County in Kansas, United States

Lincoln County is a county located in the U.S. state of Kansas. Its county seat and largest city is Lincoln Center. As of the 2020 census, the county population was 2,939. The county was named after Abraham Lincoln, the 16th president of the United States.

==History==

For many millennia, the Great Plains of North America was inhabited by nomadic Native Americans. From the 16th century to 18th century, the Kingdom of France claimed ownership of large parts of North America. In 1762, after the French and Indian War, France secretly ceded New France to Spain, per the Treaty of Fontainebleau. In 1802, Spain returned most of the land to France, but keeping title to about 7,500 square miles. In 1803, most of the land for modern day Kansas was acquired by the United States from France as part of the 828,000 square mile Louisiana Purchase for 2.83 cents per acre.

In 1854, the Kansas Territory was organized, then in 1861 Kansas became the 34th U.S. state. In 1867, Lincoln County was established.

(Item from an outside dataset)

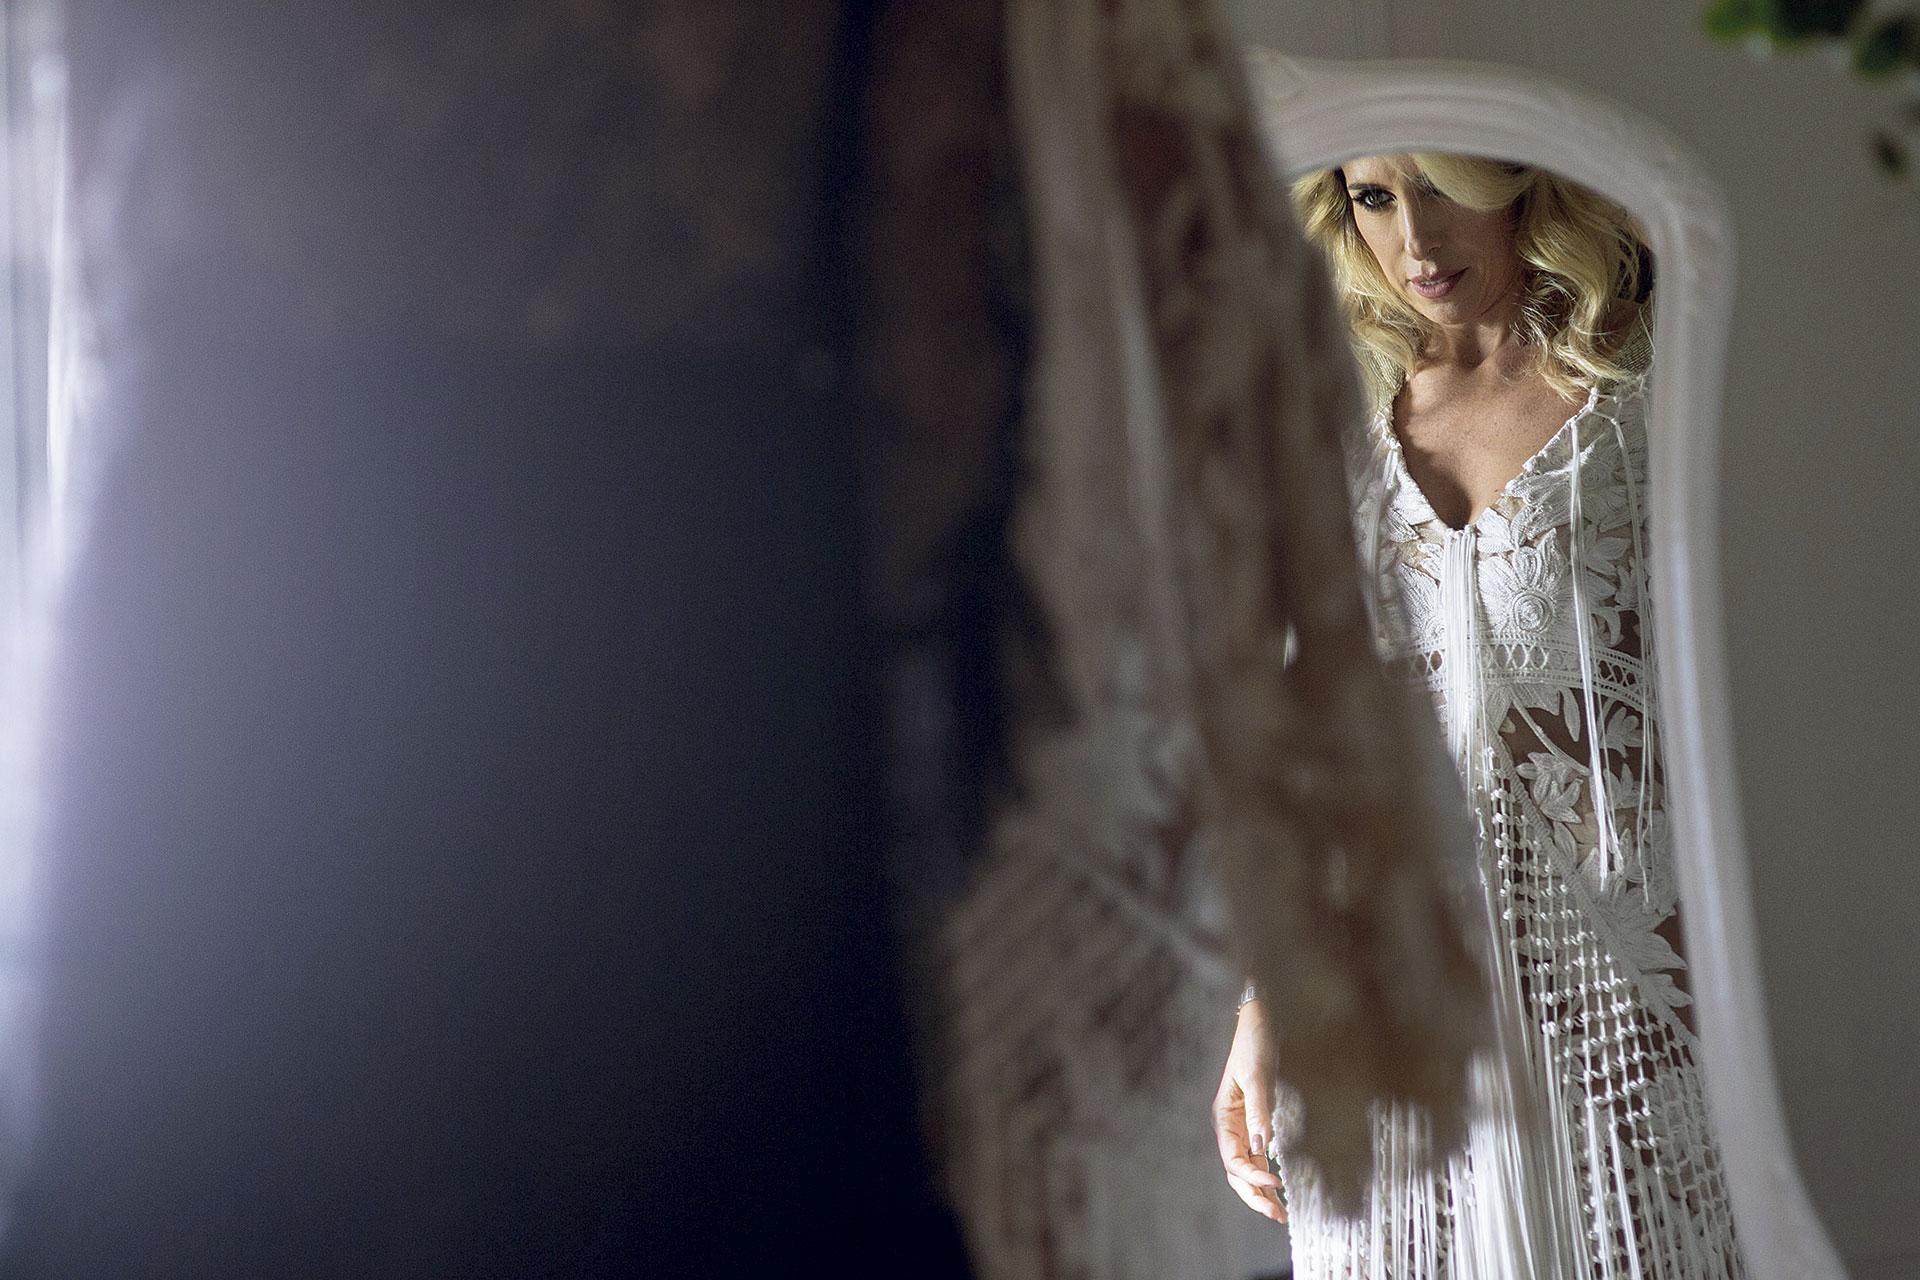 La novia antes del gran momento con el vestido de encaje de una diseñadora australiana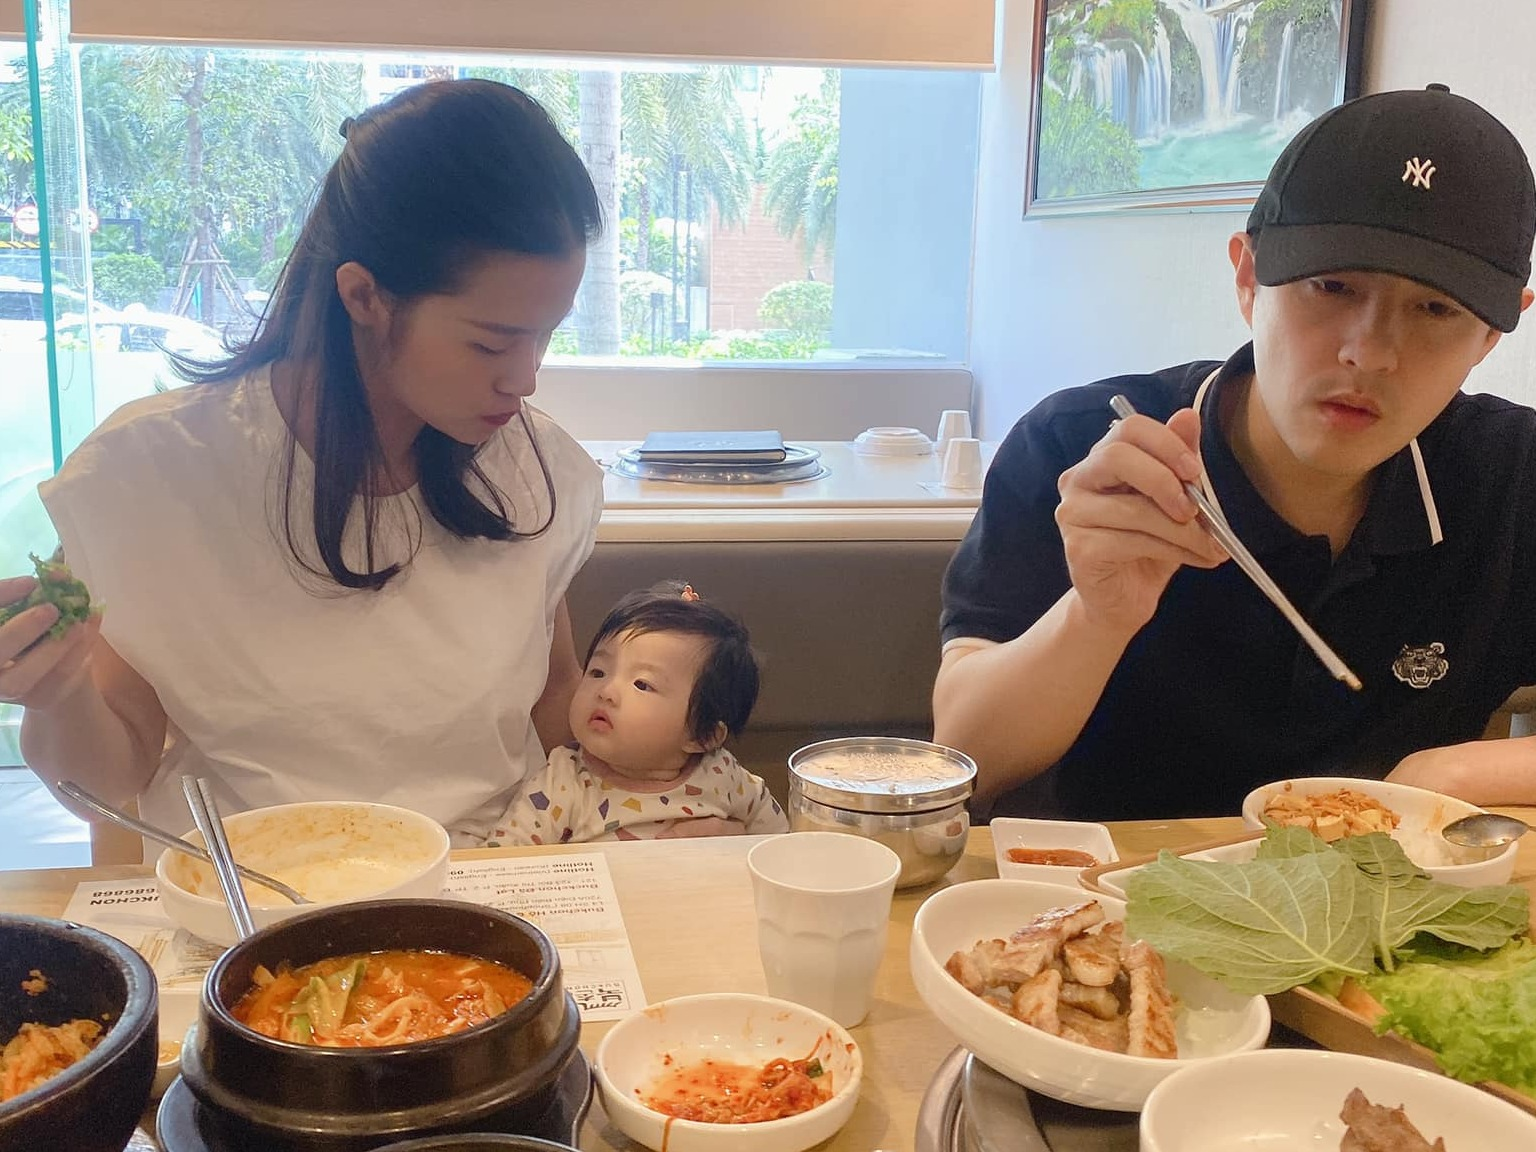 Được chồng dẫn đi ăn mà Đông Nhi 'than ngắn thở dài' vì 'có một thành viên gây mất tập trung ẩm thực quá'

Lincoln County is among those in Kansas that are part of the depopulation of the Great Plains.

==Geography==
According to the U.S. Census Bureau, the county has a total area of 720 sqmi, of which 719 sqmi is land and 1.1 sqmi (0.1%) is water.

===Adjacent counties===
- Mitchell County (north)
- Ottawa County (east)
- Saline County (southeast)
- Ellsworth County (south)
- Russell County (west)
- Osborne County (northwest)

==Demographics==

Historical population
| Census | Pop. | Note | %± |
| 1870 | 516 |  | — |
| 1880 | 8,582 |  | 1,563.2% |
| 1890 | 9,709 |  | 13.1% |
| 1900 | 9,886 |  | 1.8% |
| 1910 | 10,142 |  | 2.6% |
| 1920 | 9,894 |  | −2.4% |
| 1930 | 9,707 |  | −1.9% |
| 1940 | 8,338 |  | −14.1% |
| 1950 | 6,643 |  | −20.3% |
| 1960 | 5,556 |  | −16.4% |
| 1970 | 4,582 |  | −17.5% |
| 1980 | 4,145 |  | −9.5% |
| 1990 | 3,653 |  | −11.9% |
| 2000 | 3,578 |  | −2.1% |
| 2010 | 3,241 |  | −9.4% |
| 2020 | 2,939 |  | −9.3% |
| 2025 (est.) | 2,861 | Decrease | −2.7% |
U.S. Decennial Census 1790-1960 1900-1990 1990-2000 2010-2020

===Racial and ethnic composition===

Lincoln County, Kansas – Racial and ethnic composition Note: the US Census treats Hispanic/Latino as an ethnic category. This table excludes Latinos from the racial categories and assigns them to a separate category. Hispanics/Latinos may be of any race.
| Race / Ethnicity (NH = Non-Hispanic) | Pop 1980 | Pop 1990 | Pop 2000 | Pop 2010 | Pop 2020 | % 1980 | % 1990 | % 2000 | % 2010 | % 2020 |
|---|---|---|---|---|---|---|---|---|---|---|
| White alone (NH) | 4,104 | 3,624 | 3,491 | 3,116 | 2,691 | 99.01% | 99.21% | 97.57% | 96.14% | 91.56% |
| Black or African American alone (NH) | 0 | 1 | 4 | 8 | 6 | 0.00% | 0.03% | 0.11% | 0.25% | 0.20% |
| Native American or Alaska Native alone (NH) | 5 | 11 | 14 | 15 | 13 | 0.12% | 0.30% | 0.39% | 0.46% | 0.44% |
| Asian alone (NH) | 1 | 1 | 4 | 6 | 8 | 0.02% | 0.03% | 0.11% | 0.19% | 0.27% |
| Native Hawaiian or Pacific Islander alone (NH) | x | x | 0 | 0 | 0 | x | x | 0.00% | 0.00% | 0.00% |
| Other race alone (NH) | 6 | 1 | 3 | 1 | 12 | 0.14% | 0.03% | 0.08% | 0.03% | 0.41% |
| Mixed race or Multiracial (NH) | x | x | 25 | 23 | 79 | x | x | 0.70% | 0.71% | 2.69% |
| Hispanic or Latino (any race) | 29 | 15 | 37 | 72 | 130 | 0.70% | 0.41% | 1.03% | 2.22% | 4.42% |
| Total | 4,145 | 3,653 | 3,578 | 3,241 | 2,939 | 100.00% | 100.00% | 100.00% | 100.00% | 100.00% |

===2020 census===
As of the 2020 census, the county had a population of 2,939. The median age was 47.2 years. 23.1% of residents were under the age of 18 and 26.2% of residents were 65 years of age or older. For every 100 females there were 101.6 males, and for every 100 females age 18 and over there were 94.9 males age 18 and over. 0.0% of residents lived in urban areas, while 100.0% lived in rural areas.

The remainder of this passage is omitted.